We just followed a woman home because she looked like Jeff Goldblum. Turns out she lives in a trailer park.
you passed out on the bathroom floor with the door locked. we had to break in and no one was sober enough to move you so they just threw a towel on you and stepped over you
I don't know which is a more impressive stolen object. The couch from a sheer logistical viewpoint, or the parking meter because i'm pretty sure that's a federal offence.
So how much of last night are we going to pretend never happened? Enough to stay friends?
i mean, i offered you kinky, jungle themed sex. i don't know what else you want from me
For months it was all good and well just having sex. Now, something in me has snapped and I'm dreaming of taking turtleneck Christmas pictures with him. Fuck you, we're going out tonight. I need this.

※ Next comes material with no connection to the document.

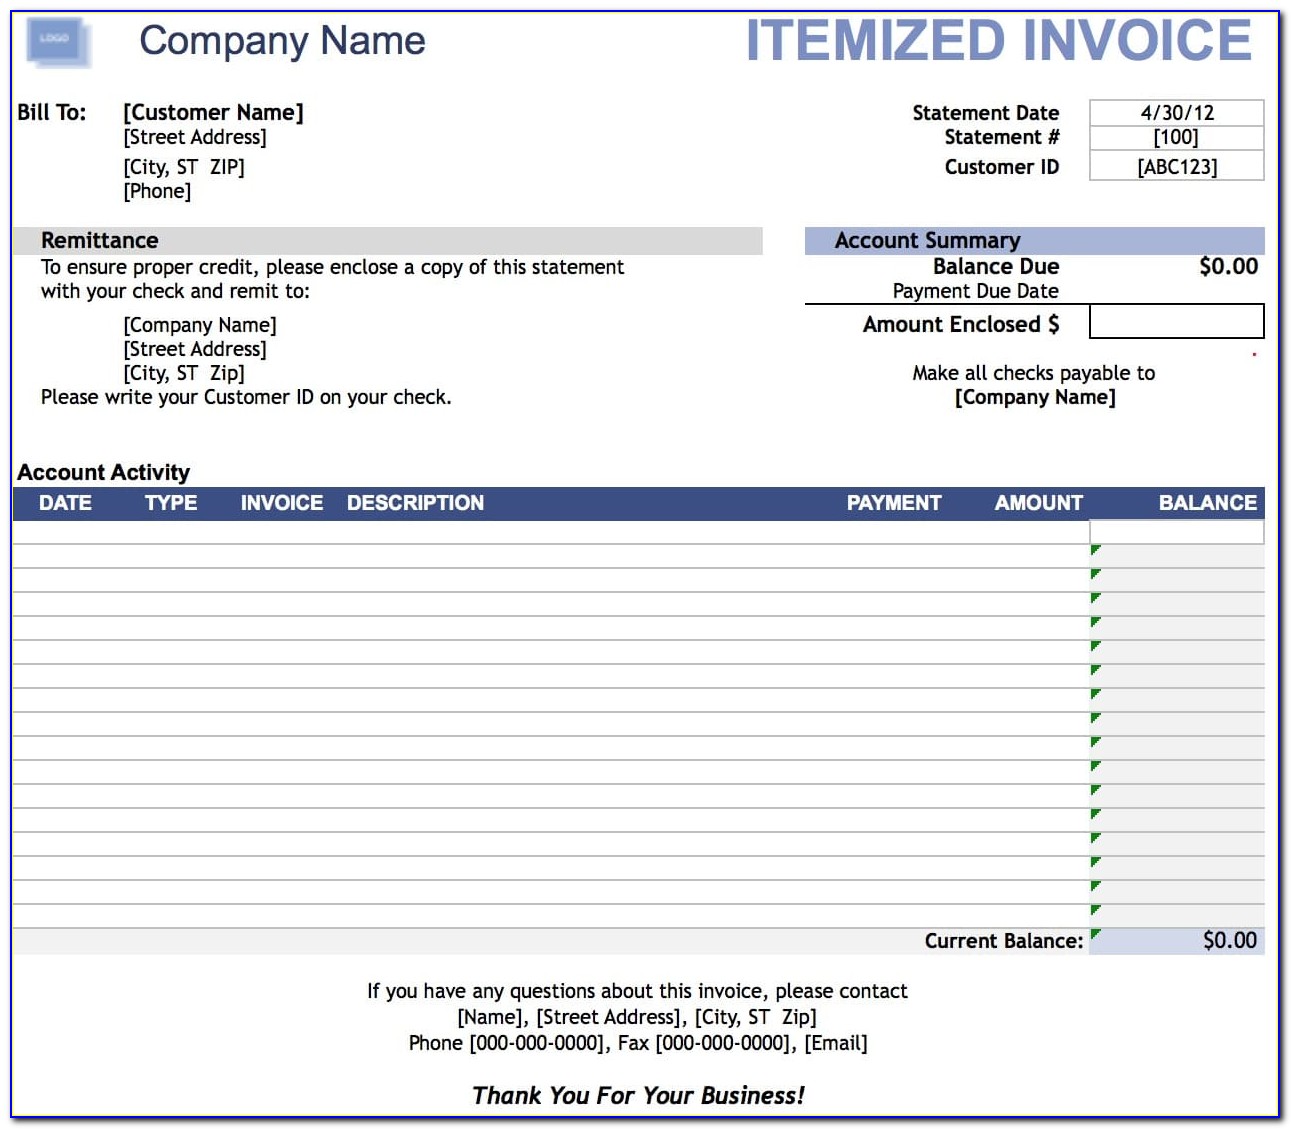 Itemized Invoice Template Excel

At our floor meeting the RA was talking about bathroom hygiene and I really wanted to be like "what about shower sex."
Valid question
most desperate stoner moment might have been when we filled the bong up with pond water
desperate times, desperate measures
I don't remember... but I heard a cop threatened to pepper spay my dick
The crowd is chanting "we want sex!" There's a man dressed as bacon. That is all
Can't trust a bar that doesn't have fireball
He has a beach house and a Simba tattoo. Our wedding is next Tuesday, hope you're free.
Fine I'll cuddle you but only for the purpose of trying to survive
Note to self, the correct response when a guy tells you he likes you as a person is not "ew"
Optimism doesn't exist before 2pm nor do any other emotions.